▶ **Exercise description**
Starting at the line that holds "ベーリング BERING 日本限定モデル" and stopping at the line that holds "CORN BAIT OIL (SWEET) – Pro-Cure, Inc", restate the records below word for word, with both of those lines included.

▶ **Data excerpts**
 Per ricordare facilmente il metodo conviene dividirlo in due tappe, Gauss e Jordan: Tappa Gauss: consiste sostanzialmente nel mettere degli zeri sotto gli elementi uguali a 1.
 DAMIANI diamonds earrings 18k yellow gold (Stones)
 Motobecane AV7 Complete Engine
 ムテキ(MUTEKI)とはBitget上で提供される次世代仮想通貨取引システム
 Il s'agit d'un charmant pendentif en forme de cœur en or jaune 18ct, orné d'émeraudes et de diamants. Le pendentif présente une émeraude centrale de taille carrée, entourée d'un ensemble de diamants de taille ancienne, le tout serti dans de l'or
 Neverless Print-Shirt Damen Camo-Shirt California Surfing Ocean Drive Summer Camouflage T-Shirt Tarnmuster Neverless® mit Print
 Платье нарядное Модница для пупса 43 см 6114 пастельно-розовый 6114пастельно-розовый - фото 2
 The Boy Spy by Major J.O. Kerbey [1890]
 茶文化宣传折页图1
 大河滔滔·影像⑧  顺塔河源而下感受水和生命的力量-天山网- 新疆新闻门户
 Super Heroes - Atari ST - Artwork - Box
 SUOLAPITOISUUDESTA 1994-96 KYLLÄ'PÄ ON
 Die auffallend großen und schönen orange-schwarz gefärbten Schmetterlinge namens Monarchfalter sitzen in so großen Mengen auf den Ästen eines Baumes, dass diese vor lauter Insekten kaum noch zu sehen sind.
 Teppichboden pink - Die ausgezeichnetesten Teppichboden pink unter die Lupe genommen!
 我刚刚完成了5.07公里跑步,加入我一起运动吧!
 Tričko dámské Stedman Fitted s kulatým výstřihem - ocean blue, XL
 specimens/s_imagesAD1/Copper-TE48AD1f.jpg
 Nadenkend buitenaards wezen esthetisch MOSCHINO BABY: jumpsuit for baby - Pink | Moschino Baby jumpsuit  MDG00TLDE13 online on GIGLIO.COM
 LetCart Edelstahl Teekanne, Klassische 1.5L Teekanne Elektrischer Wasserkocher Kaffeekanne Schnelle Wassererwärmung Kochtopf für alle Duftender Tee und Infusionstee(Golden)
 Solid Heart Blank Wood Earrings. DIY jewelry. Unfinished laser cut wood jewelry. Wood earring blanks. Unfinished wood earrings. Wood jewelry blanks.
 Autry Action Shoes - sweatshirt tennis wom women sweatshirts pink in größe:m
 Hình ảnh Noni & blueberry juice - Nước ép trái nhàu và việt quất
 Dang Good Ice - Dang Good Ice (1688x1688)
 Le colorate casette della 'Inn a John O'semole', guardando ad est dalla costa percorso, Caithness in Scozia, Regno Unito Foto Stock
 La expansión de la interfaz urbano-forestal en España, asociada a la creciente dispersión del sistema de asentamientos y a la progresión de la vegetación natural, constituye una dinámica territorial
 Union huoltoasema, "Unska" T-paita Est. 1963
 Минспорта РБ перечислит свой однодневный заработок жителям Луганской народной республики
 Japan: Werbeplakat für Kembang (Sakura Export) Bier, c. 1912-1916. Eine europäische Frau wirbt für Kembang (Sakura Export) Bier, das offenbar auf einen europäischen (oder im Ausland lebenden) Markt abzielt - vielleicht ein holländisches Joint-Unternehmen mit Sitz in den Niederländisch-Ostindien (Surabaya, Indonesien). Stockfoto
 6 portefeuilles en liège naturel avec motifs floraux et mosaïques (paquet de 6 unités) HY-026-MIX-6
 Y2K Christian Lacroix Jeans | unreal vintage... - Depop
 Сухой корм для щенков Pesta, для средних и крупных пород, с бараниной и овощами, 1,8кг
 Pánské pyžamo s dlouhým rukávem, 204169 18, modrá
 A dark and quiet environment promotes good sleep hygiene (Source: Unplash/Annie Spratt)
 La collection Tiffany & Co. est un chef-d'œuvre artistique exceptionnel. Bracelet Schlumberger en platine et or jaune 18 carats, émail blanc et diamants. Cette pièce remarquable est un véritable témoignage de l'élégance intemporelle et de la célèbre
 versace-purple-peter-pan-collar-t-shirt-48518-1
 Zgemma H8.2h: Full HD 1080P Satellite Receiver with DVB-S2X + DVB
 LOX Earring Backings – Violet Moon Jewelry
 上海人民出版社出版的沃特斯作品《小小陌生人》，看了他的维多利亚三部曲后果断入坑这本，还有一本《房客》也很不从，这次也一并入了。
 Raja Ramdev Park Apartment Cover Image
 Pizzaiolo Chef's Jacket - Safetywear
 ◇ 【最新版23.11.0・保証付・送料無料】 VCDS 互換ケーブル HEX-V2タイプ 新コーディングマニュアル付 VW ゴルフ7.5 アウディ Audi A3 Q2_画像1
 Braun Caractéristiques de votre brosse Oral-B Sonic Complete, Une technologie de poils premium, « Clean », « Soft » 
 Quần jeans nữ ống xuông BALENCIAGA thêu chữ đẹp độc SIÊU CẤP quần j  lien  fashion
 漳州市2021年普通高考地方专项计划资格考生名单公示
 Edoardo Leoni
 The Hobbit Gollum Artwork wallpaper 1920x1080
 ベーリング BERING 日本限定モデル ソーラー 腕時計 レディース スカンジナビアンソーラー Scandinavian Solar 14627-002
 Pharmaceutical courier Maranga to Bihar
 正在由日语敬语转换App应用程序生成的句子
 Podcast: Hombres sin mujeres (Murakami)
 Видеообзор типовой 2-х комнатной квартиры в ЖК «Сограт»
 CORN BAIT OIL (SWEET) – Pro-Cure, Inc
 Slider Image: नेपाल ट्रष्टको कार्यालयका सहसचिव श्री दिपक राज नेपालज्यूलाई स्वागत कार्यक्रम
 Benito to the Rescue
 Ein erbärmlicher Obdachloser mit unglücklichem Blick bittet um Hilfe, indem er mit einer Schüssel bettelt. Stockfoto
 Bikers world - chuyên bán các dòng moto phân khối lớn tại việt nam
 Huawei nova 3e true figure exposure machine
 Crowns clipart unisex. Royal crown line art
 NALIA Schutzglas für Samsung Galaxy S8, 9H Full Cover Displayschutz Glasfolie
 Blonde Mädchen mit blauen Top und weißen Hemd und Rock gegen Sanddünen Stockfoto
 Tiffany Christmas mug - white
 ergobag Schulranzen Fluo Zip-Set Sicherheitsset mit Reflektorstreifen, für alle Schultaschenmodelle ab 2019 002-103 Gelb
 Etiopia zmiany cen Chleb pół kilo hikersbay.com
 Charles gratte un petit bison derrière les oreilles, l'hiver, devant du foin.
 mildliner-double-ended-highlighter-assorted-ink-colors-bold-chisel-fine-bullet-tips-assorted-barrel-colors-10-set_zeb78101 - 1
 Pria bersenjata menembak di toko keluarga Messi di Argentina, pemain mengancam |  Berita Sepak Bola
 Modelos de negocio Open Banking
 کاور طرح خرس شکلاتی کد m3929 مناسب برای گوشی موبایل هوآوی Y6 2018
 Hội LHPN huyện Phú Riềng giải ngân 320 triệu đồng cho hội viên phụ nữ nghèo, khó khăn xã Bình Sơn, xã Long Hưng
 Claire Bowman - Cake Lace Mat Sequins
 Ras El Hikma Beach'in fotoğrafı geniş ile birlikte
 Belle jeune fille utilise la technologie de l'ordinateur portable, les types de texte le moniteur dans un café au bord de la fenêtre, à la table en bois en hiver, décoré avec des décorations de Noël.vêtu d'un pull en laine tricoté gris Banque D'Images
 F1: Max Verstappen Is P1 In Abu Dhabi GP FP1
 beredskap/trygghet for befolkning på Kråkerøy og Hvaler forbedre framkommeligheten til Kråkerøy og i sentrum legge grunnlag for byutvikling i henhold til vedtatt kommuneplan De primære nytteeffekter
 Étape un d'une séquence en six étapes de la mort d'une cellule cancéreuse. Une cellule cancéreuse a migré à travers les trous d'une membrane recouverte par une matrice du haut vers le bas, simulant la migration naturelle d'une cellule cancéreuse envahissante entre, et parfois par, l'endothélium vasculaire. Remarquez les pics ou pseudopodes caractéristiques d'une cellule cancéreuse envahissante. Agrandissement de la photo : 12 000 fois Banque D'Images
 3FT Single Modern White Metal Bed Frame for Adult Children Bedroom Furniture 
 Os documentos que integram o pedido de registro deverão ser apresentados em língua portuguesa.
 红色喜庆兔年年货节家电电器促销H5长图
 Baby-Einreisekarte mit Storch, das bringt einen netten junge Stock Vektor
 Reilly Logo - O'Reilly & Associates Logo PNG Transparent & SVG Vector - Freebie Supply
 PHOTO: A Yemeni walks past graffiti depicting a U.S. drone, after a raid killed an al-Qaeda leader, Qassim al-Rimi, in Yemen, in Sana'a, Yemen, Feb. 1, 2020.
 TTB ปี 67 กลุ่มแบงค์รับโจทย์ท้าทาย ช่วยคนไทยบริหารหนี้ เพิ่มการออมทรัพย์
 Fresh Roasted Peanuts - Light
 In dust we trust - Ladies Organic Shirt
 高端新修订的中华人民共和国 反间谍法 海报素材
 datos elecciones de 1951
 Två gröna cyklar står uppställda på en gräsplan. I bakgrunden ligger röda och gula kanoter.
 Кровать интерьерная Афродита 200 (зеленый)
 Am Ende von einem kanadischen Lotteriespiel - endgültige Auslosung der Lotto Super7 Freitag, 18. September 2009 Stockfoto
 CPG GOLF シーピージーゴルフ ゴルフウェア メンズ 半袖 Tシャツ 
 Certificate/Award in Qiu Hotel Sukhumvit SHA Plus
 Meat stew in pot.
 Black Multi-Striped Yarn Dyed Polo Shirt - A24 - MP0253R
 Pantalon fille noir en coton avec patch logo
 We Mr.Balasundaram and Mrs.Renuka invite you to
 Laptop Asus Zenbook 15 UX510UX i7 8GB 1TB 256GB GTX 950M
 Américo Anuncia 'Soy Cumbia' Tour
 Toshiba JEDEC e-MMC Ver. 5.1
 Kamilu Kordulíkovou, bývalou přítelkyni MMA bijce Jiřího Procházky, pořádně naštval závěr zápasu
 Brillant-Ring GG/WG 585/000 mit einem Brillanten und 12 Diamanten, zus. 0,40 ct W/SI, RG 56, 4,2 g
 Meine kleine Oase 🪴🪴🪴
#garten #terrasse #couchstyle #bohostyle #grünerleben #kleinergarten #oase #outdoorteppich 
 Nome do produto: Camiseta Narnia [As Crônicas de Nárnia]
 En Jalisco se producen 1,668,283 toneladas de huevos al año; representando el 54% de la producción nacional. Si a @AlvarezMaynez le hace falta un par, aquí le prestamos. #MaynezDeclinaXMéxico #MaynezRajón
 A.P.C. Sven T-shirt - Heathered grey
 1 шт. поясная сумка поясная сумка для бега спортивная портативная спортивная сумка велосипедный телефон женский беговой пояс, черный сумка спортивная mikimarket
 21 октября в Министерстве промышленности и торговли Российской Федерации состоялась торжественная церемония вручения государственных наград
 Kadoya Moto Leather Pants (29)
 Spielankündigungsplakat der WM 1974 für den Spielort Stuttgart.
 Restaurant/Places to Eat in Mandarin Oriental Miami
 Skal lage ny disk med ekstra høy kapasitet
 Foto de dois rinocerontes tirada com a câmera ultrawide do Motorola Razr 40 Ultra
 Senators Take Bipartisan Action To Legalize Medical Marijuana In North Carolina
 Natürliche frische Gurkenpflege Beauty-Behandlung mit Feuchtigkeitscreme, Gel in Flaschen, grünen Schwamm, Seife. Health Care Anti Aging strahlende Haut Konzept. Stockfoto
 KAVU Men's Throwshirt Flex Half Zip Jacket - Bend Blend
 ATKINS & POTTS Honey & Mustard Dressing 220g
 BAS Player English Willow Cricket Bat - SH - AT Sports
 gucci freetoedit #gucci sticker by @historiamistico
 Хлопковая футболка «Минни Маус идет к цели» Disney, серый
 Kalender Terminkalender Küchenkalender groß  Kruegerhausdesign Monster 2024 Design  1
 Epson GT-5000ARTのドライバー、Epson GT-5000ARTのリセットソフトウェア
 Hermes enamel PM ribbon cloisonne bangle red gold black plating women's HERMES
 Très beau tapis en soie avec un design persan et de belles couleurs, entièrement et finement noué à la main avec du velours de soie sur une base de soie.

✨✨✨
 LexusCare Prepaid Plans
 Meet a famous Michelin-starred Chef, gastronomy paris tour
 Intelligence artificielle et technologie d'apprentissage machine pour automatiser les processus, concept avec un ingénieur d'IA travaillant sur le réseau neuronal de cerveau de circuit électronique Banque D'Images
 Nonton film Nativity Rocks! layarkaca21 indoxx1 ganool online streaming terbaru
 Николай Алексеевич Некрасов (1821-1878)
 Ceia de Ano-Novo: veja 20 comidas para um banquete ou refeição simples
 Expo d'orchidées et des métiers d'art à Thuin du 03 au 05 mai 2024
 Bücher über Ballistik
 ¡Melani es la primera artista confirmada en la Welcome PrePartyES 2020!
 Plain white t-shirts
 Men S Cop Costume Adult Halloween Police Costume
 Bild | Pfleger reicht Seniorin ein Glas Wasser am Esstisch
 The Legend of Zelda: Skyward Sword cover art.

▶ **Answer to the exercise**
 ベーリング BERING 日本限定モデル ソーラー 腕時計 レディース スカンジナビアンソーラー Scandinavian Solar 14627-002
 Pharmaceutical courier Maranga to Bihar
 正在由日语敬语转换App应用程序生成的句子
 Podcast: Hombres sin mujeres (Murakami)
 Видеообзор типовой 2-х комнатной квартиры в ЖК «Сограт»
 CORN BAIT OIL (SWEET) – Pro-Cure, Inc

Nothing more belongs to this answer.